To his credit, Tagovailoa is a polished product. What you see is probably what you’re going to get in the NFL. Herbert is far from a polished product. Tagovailoa was a five-star recruit who lit up high school defenses. Herbert barely played until his senior season of high school. In college, Tagovailoa played for Nick Saban. Herbert played with three head coaches at Oregon, and in an offense the last two seasons that was run-first and asked Herbert to save the day for them. He was rarely the focus of the offense, and it’s tough to be consistent when this is the case.

I mentioned the talent discrepancy above, and it was clear on the field. Herbert’s receivers usually weren’t wide open and they dropped 100 passes the last two seasons.
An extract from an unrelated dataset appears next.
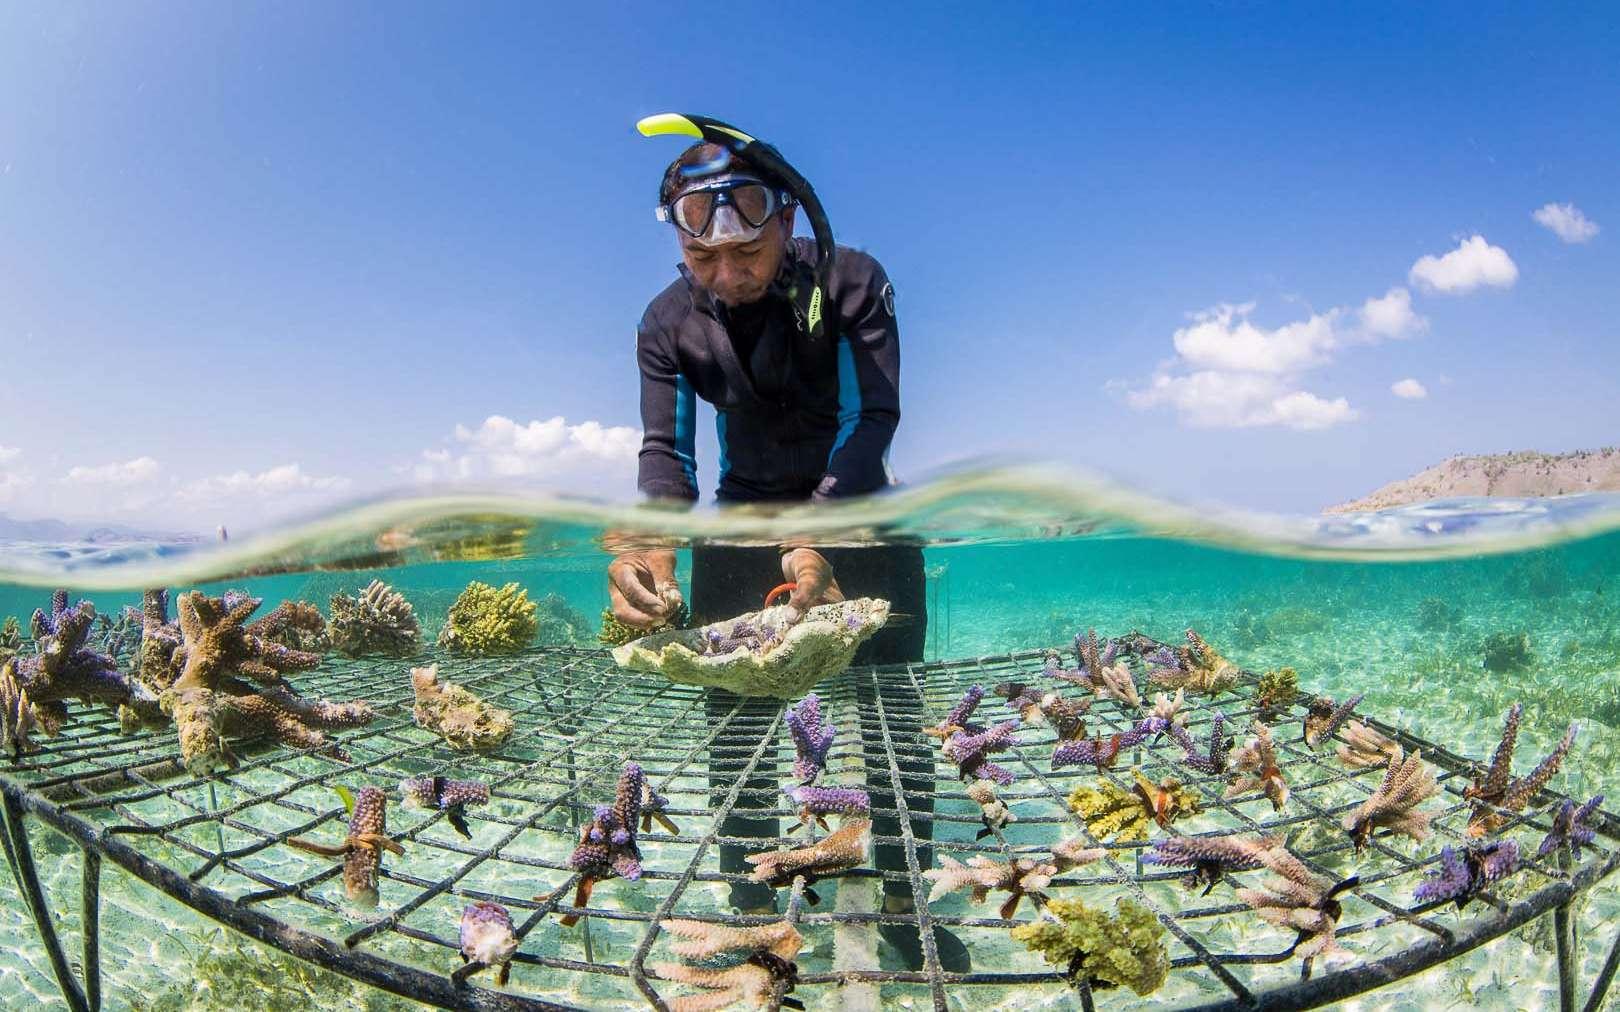 Les coraux forment des écosystèmes très riches, où cohabitent de très nombreuses espèces. Ils sont en régression à l'échelle de la planète depuis plusieurs années. © DR

While Herbert does have warts, plenty of people, including myself, believe he’s got a huge ceiling that can be reached with an offense that centers on his strengths more often and surrounds him with better weapons.

Herbert showed himself to be much improved at the Senior Bowl, a taste of what he could do in the NFL.

Out of all these reasons Herbert might be taken higher than Tagovailoa, Nos. 1 and 4 reign supreme. There are teams that just can’t trust Tagovailoa to stay healthy and/or they feel Herbert’s upside is so high.

For now, Tagovailoa is still projected to go to the Dolphins more than any other team. But even if they decide they like Herbert better and Tagovailoa drops out of the top five, it’s hard to believe the Chargers won’t take him at No. 6. And if the Chargers pass on him, another quarterback-needy team with draft capital will trade up to quickly select him ASAP. No matter where they go, both quarterbacks will be top-10 picks.